_Brief_
The lines below, from the first through the one containing "webdesignvsdevt", are to be given again exactly, with pictures left out and nothing added.

_Data below_
==============================

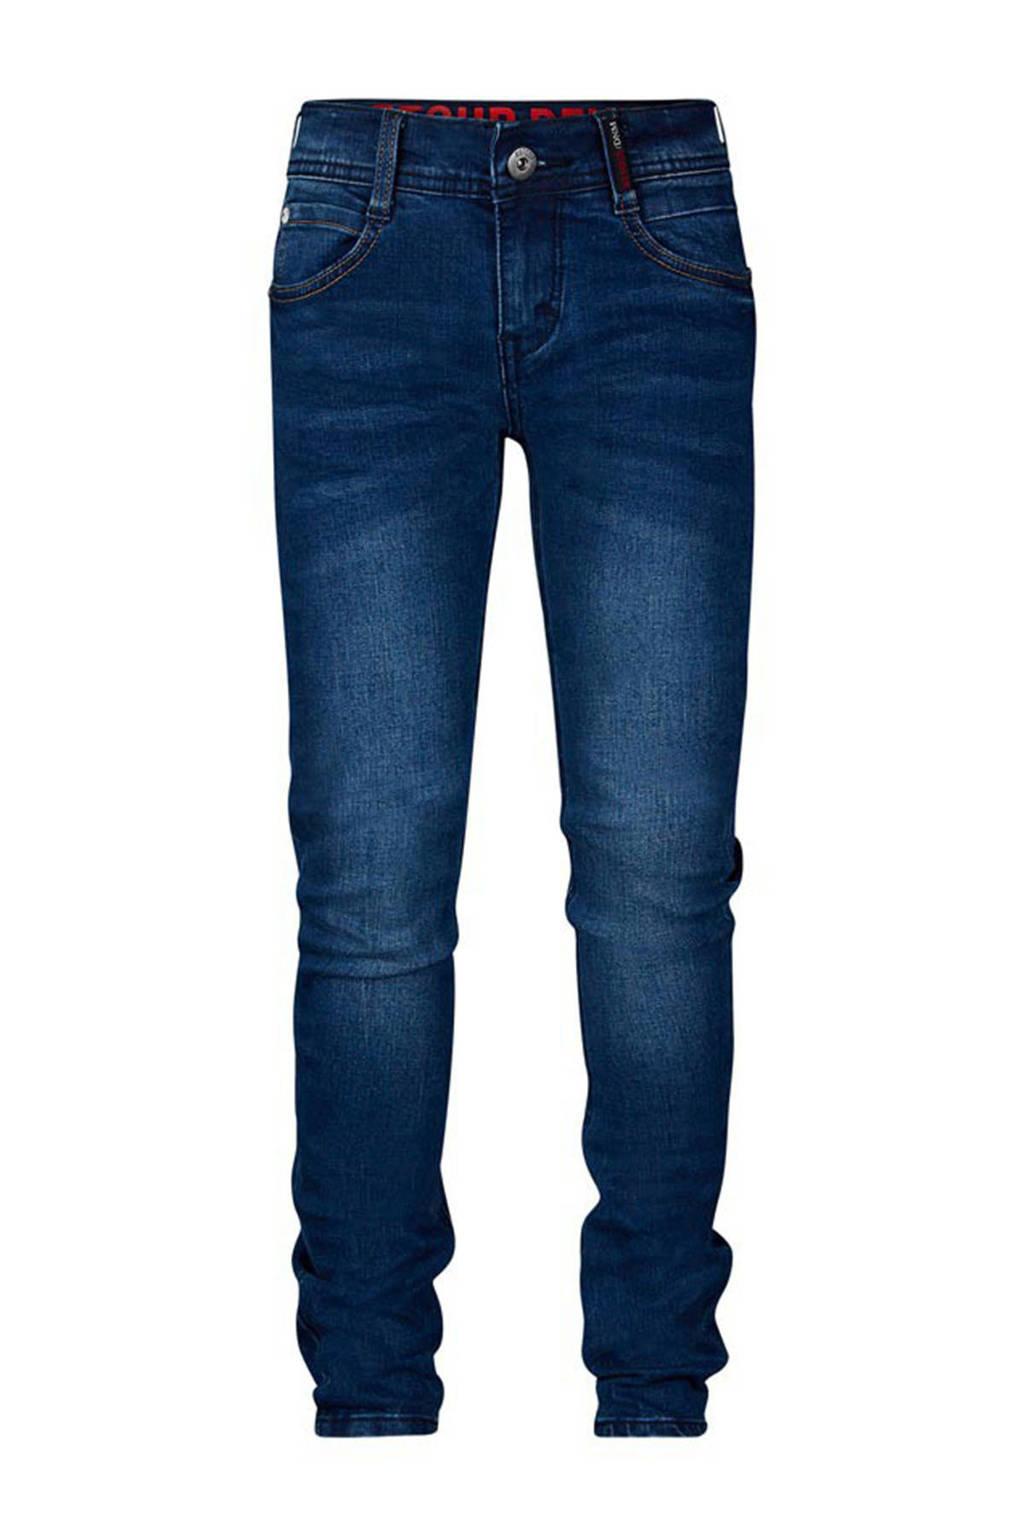 Retour Denim skinny fit jeans Bas medium blue denim, Medium blue denim
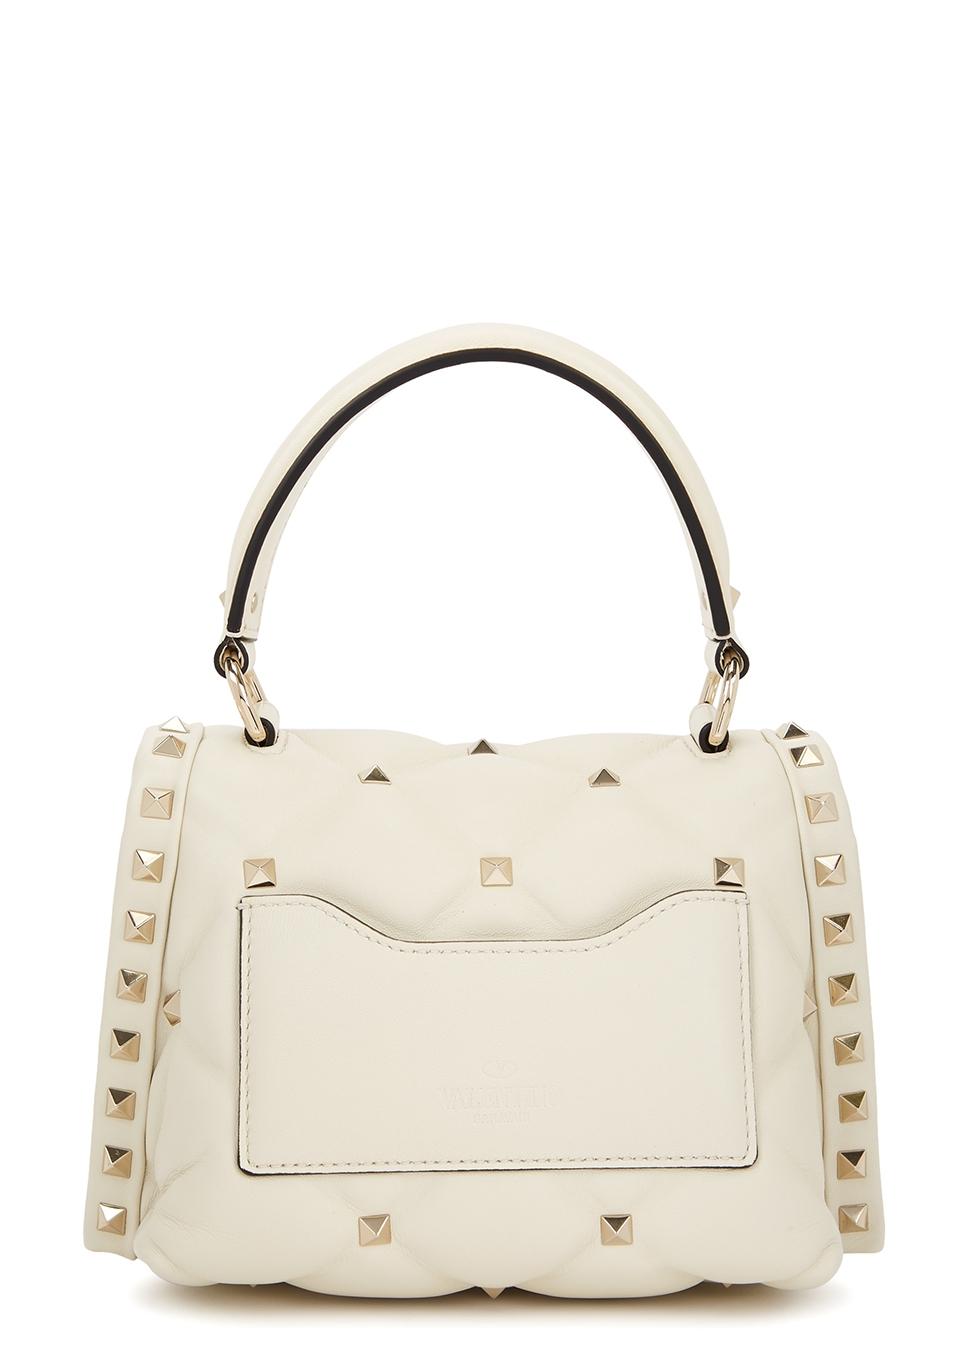 Candystud mini ivory leather top handle bag - Valentino Garavani
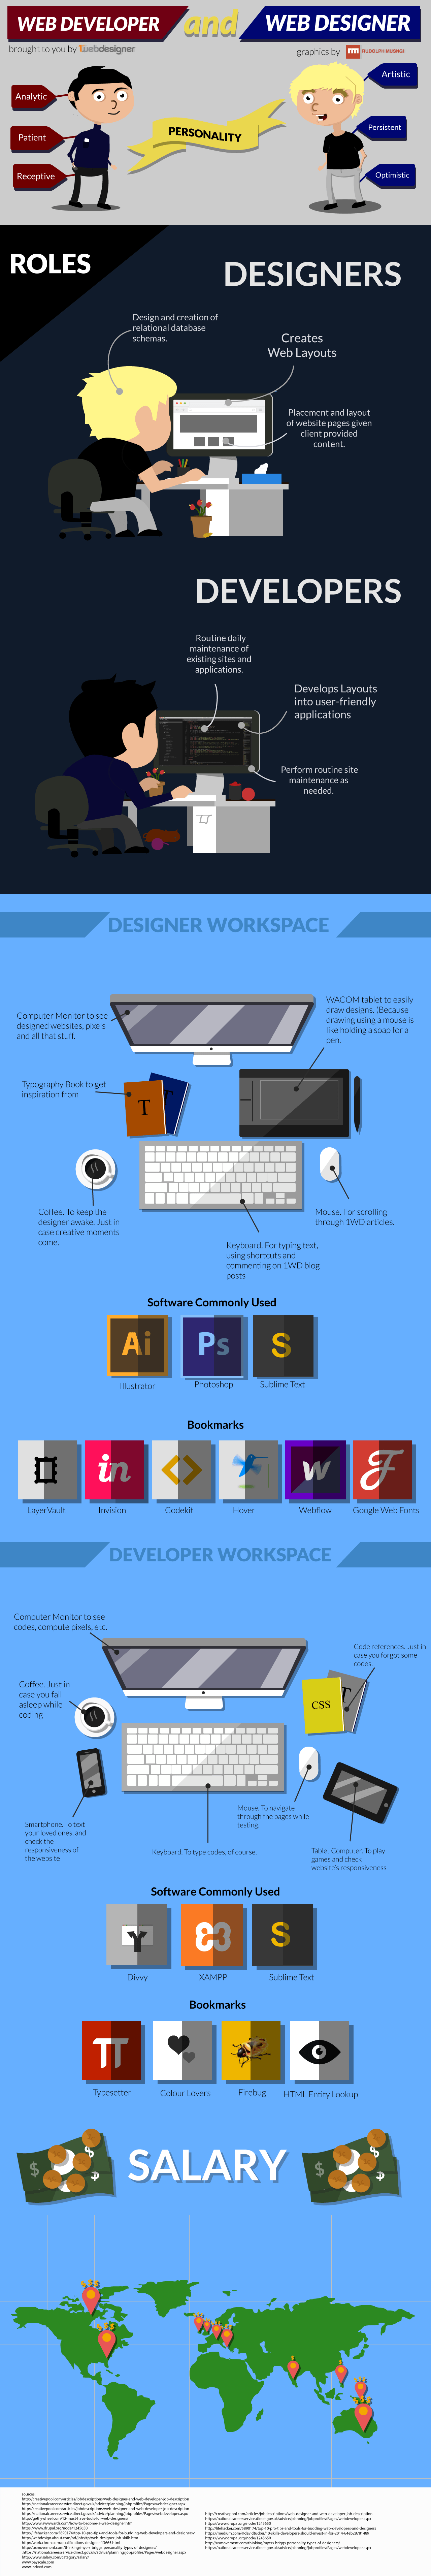 webdesignvsdevt
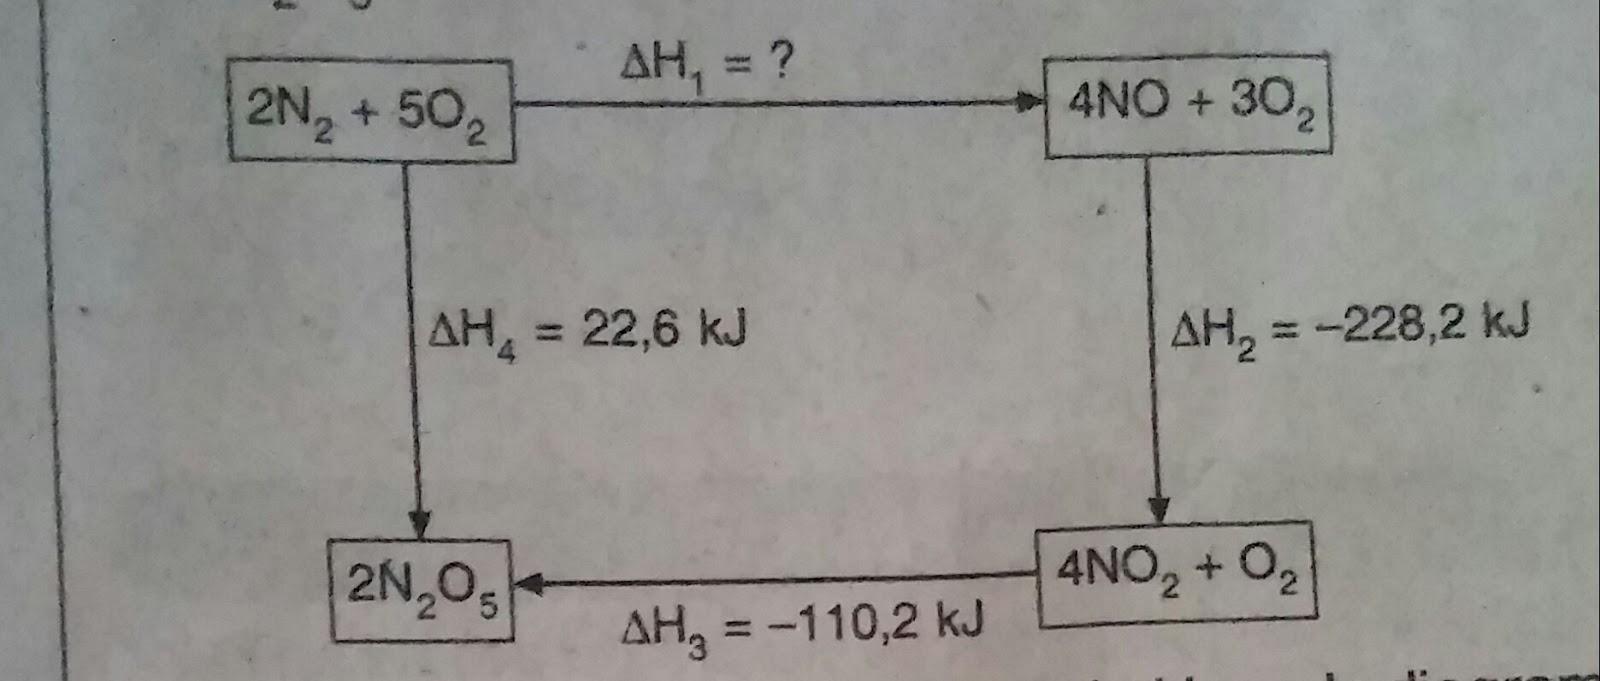 Soal pilihan ganda perubahan entalpi reaksi materi belajar berdasarkan hukum hess nilai pada diagram ccuart Choice Image

==============================

_Task solution_
 Retour Denim skinny fit jeans Bas medium blue denim, Medium blue denim
 Candystud mini ivory leather top handle bag - Valentino Garavani
 webdesignvsdevt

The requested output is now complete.